When a canister A wants to communicate with another canister B in the same subnet then there is a queue setup for this pair as part of the queue infrastructure for the canister A. This message will be delivered to the “input queue” of canister B correct?

Is my understanding correct so far? Thanks in advance.

4 Likes

Correct. Responses to such ingress messages will then be put into the ingress history where they are certified by the subnet and can be read by users.

For each canister it is an input + output queue pair per remote canister. Every message a canister produces (except responses to ingress messages) is first put into the canister’s output queue for the receiving canister. From there the message is routed into the subnet-to-subnet stream to the subnet hosting the destination canister (possibly the local subnet), where it will eventually be picked up by the destination subnet (as part of block making) and end up in the destination canister’s input queue (the one containing the messages from the sending canister). Once the message is into an input queue, execution will eventually pick up the message. Execution may result in further messages (e.g., a response to the initial message if it was a request) which are then also handled in the same way as described above.

The setup is the same for inter and intra subnet messages – a queue pair per remote canister. Also the routing etc. happens in very similar way for same subnet and cross subnet messages. The only material difference (at this abstraction level) is that for same-subnet messages execution has an optimization built in, which will directly route messages from the sending canister’s output queue to the receiving canister’s input queue directly during an execution round if there are still cycles left in that round (i.e., one may skip the subnet-to-subnet streams for same subnet messages in certain cases).

2 Likes

Thanks for the detailed response.

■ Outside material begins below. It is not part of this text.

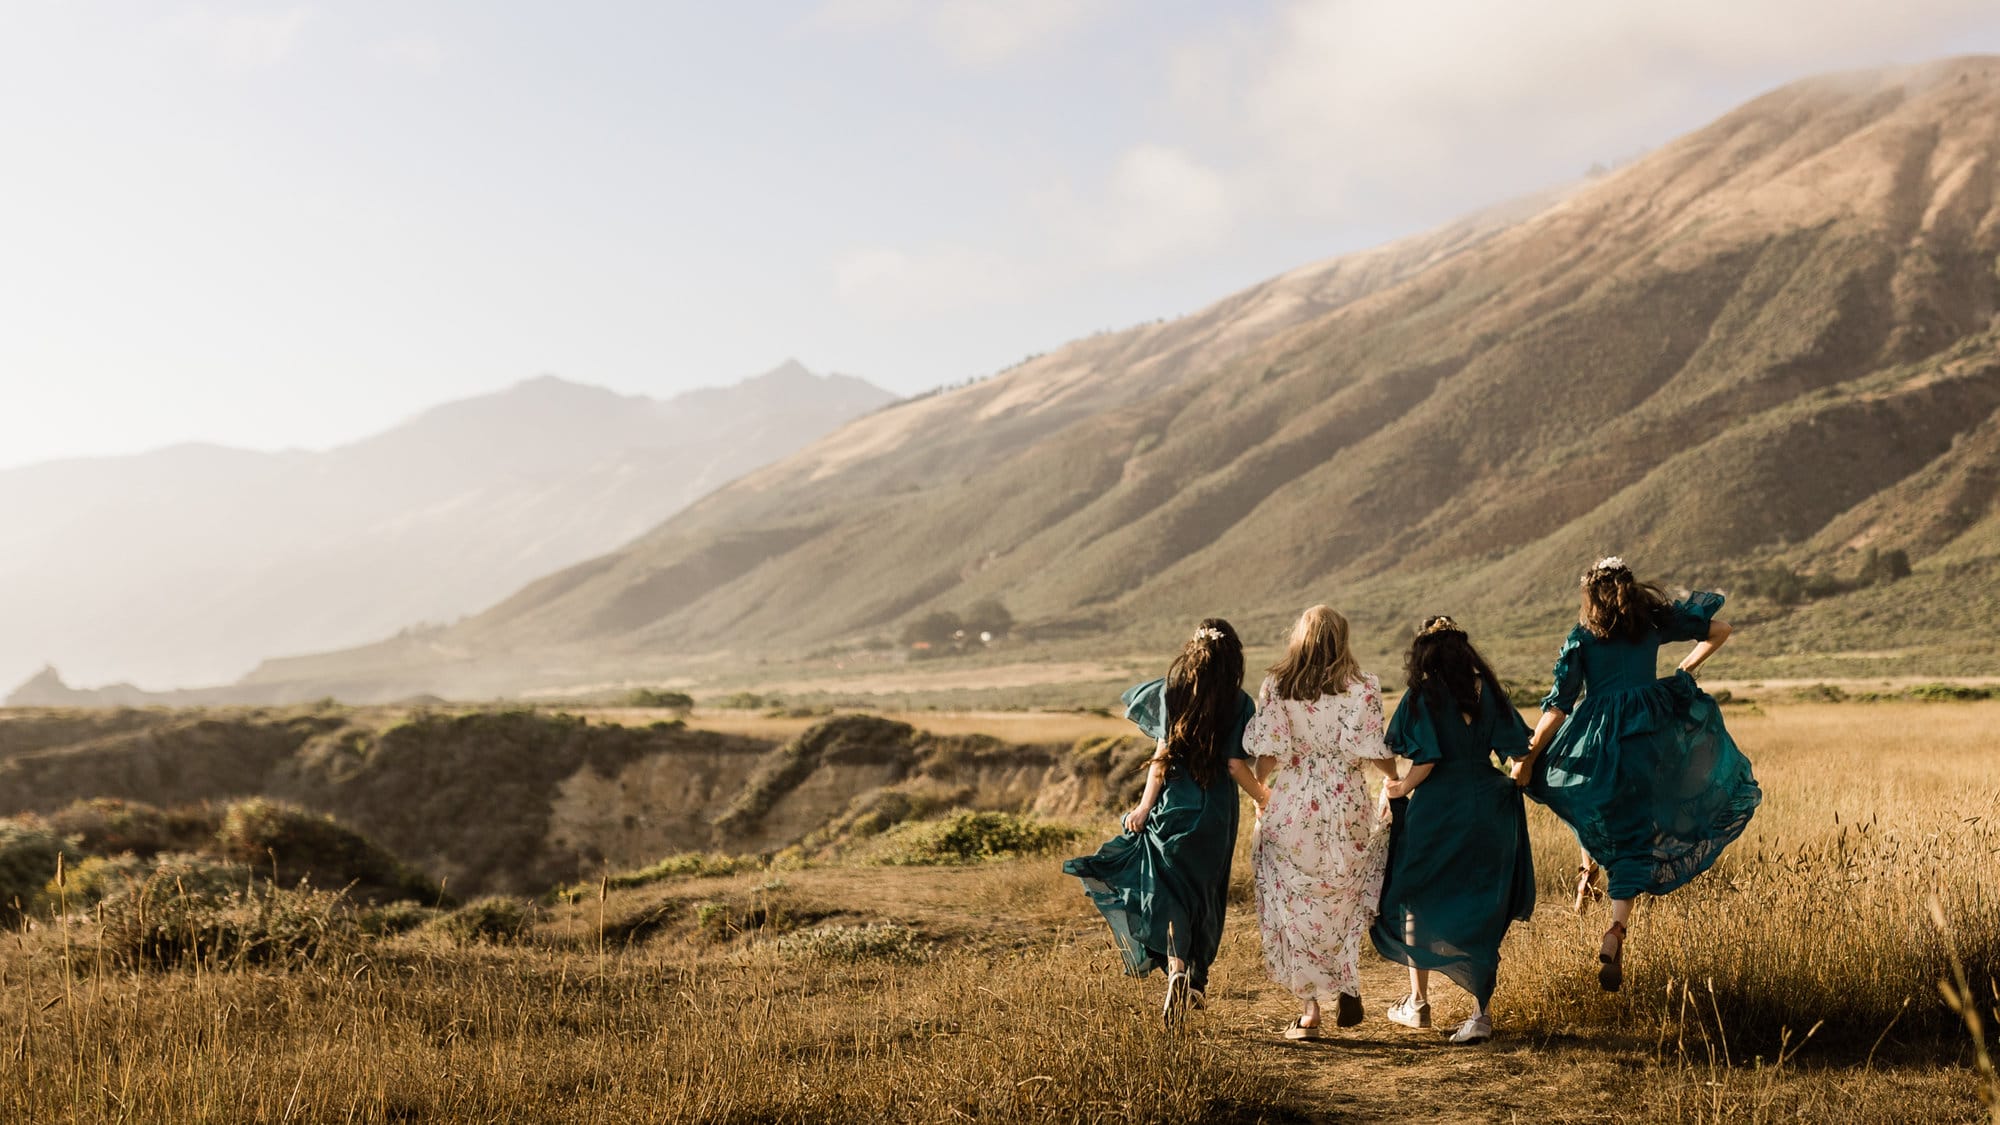 This two day Big Sur elopement is the epitome of romance and adventure. Full of coastal views and redwood trees, this elopement is one for the books.

Now, how does IC order the executions so that every node in the subnet (let’s assume all inter canister calls are intra subnet) follows the same ordering in order to yield the same end result? Any literature I can read about how that is accomplished? Thanks in advance.

Message routing is part of deterministic processing; queues, streams etc. are all part of the replicated state and evolve in the same way on all nodes. High-level the reason how ordering is kept up is because both queues and streams will respect the request ordering. The optimization inside execution to directly route messages from output queues into input queues is also built so that it respects the ordering.

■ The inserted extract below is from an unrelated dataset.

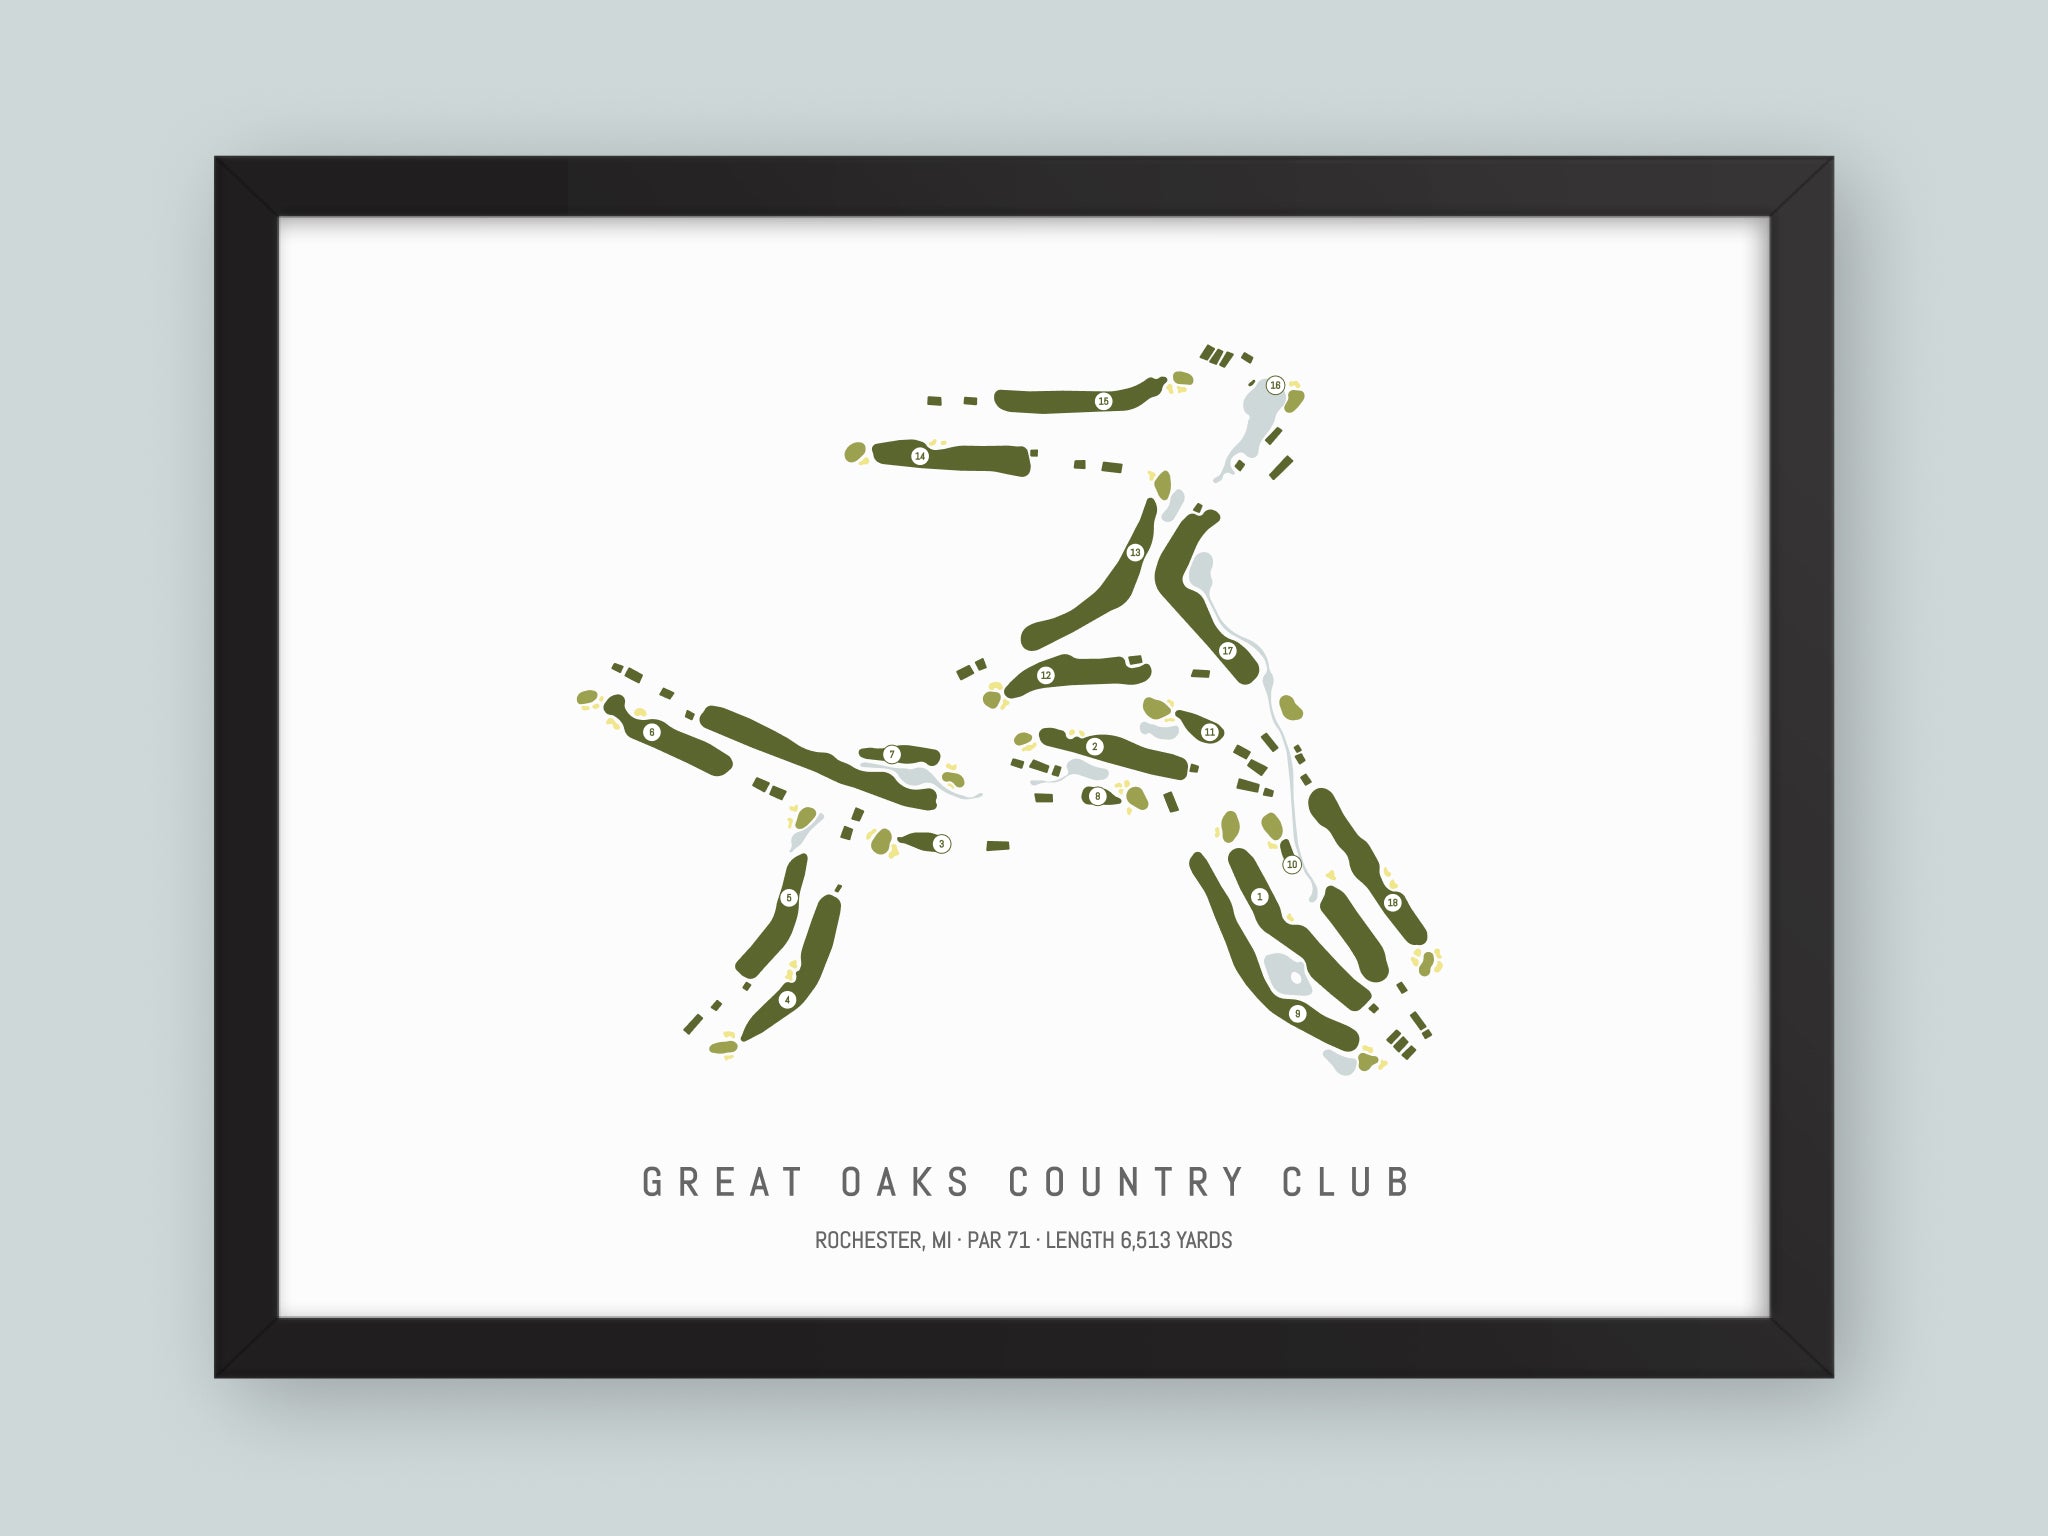 Great-Oaks-Country-Club-MI--Black-Frame-24x18-With-Hole-Numbers

For a high level overview of message routing I’d recommend this video. For a more detailed (and formal) overview, this wiki page might be a good start.

Thanks for the response. I went over the video and the relevant portions of the wiki. Please explain to me how the following scenario can be avoided:

Let’s assume there is a block with two transactions. txn_1 is a call to canister A which at some point calls canister B. txn_2 is a call to canister B alone. Now this means that txn_1 is placed in the ingress queue of A and txn_2 is placed in the ingress queue of B. Now at some point of processing of txn_1 there will be a message that will be placed on the input queue of B (from A).

Due to race conditions it can happen that on node N1 canister B picks txn_2 for processing first while on node N2 txn_1 shows up on input queue of B sooner than txn_2’s call to canister B. In this case the order of execution will be messed up. How is this avoided?

Thanks in advance.

The only ordering guarantee the protocol gives is the following: If a canister A sends two requests m_1 and m_2 to canister B then m_1 will be be processed before m_2 if both messages are accepted. Furthermore, there are no guarantees on response ordering.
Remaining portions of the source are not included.